All pictures are to be dropped, and the remaining data set down exactly.

[Stored data entries]
------------------------------------------------------------

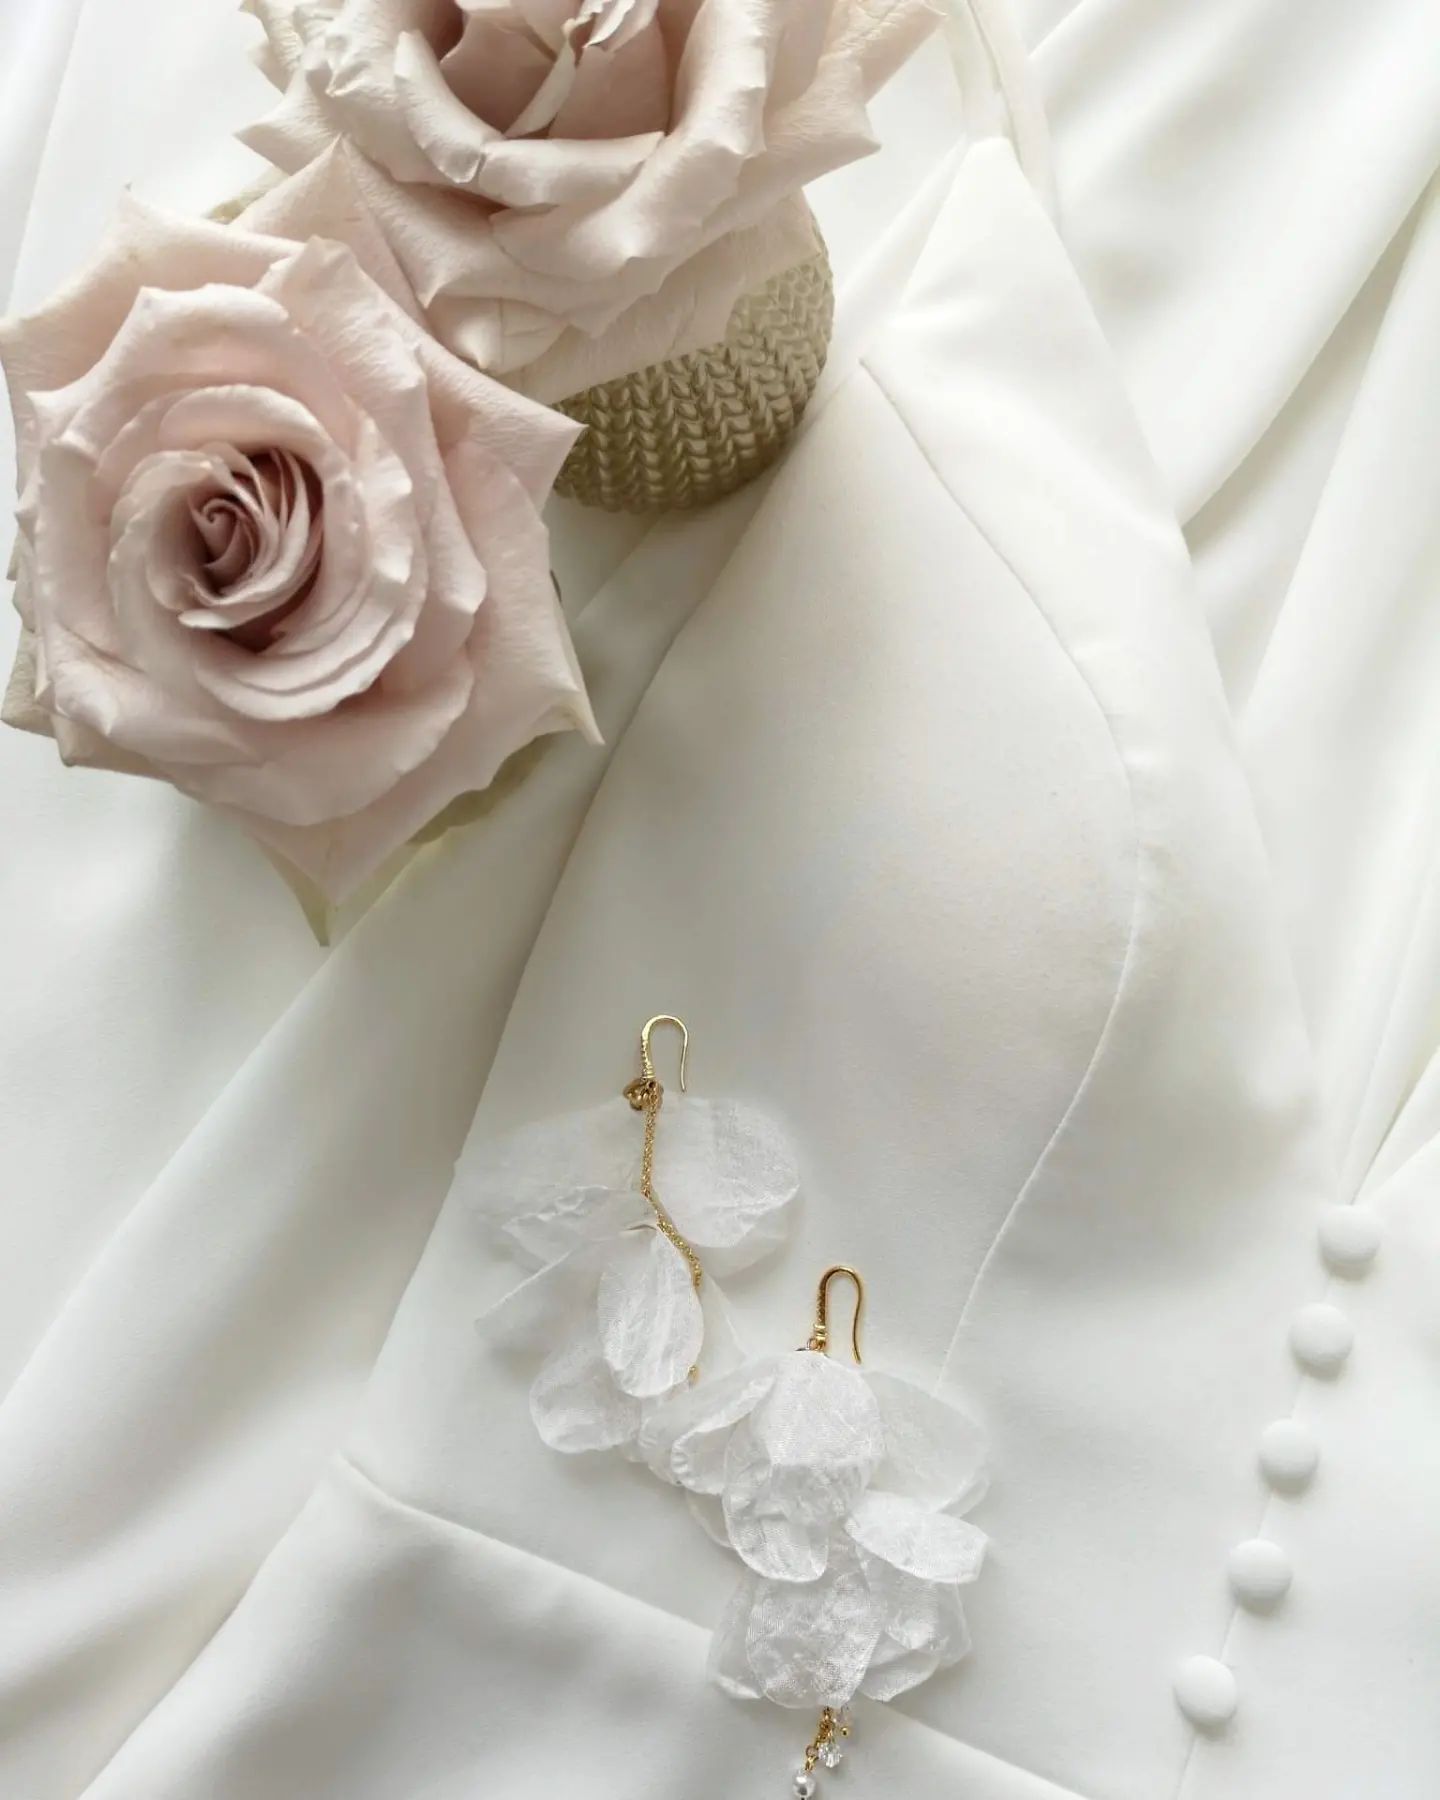 Kolczyki ▪︎DARLA GOLD▪︎ będą idealnym dodatkiem do gładkich, minimalistycznych sukni ślubnych.
Płatki kwiatów wykonane zostały z jedwabnej, delikatnej tkaniny. 
Kolczyki są widoczne na uchu (10.5 cm długości), a jednocześnie są lekkie, eteryczne.
.
▪︎ Śliczne róże w wazonie od @bedzieslub
Dziękujemy 💕 Zwróćcie uwagę na niesamowity kolor pudrowego różu 😍 Zdjęcie bez filtra.
.
▪︎ Suknia ślubna - model TATUM - z kolekcji @allwhowander
.
A już wkrótce kolczyki DARLA będą dostępne z kwiatami w kolorze: fuksja, fiolet, ochra. 
✅ Ciekawe jesteście efektu? 》Stay tuned 😊
.
.
.
.
.
.
.
#kolczyki #kolczykikwiaty #kwiatyzjedwabiu
#kolczykislubne #biżuteriaslubna #pannamloda #wesele #slub #sukniaślubna

------------------------------------------------------------

**Task result:**
 Kolczyki ▪︎DARLA GOLD▪︎ będą idealnym dodatkiem do gładkich, minimalistycznych sukni ślubnych.
Płatki kwiatów wykonane zostały z jedwabnej, delikatnej tkaniny. 
Kolczyki są widoczne na uchu (10.5 cm długości), a jednocześnie są lekkie, eteryczne.
.
▪︎ Śliczne róże w wazonie od @bedzieslub
Dziękujemy 💕 Zwróćcie uwagę na niesamowity kolor pudrowego różu 😍 Zdjęcie bez filtra.
.
▪︎ Suknia ślubna - model TATUM - z kolekcji @allwhowander
.
A już wkrótce kolczyki DARLA będą dostępne z kwiatami w kolorze: fuksja, fiolet, ochra. 
✅ Ciekawe jesteście efektu? 》Stay tuned 😊
.
.
.
.
.
.
.
#kolczyki #kolczykikwiaty #kwiatyzjedwabiu
#kolczykislubne #biżuteriaslubna #pannamloda #wesele #slub #sukniaślubna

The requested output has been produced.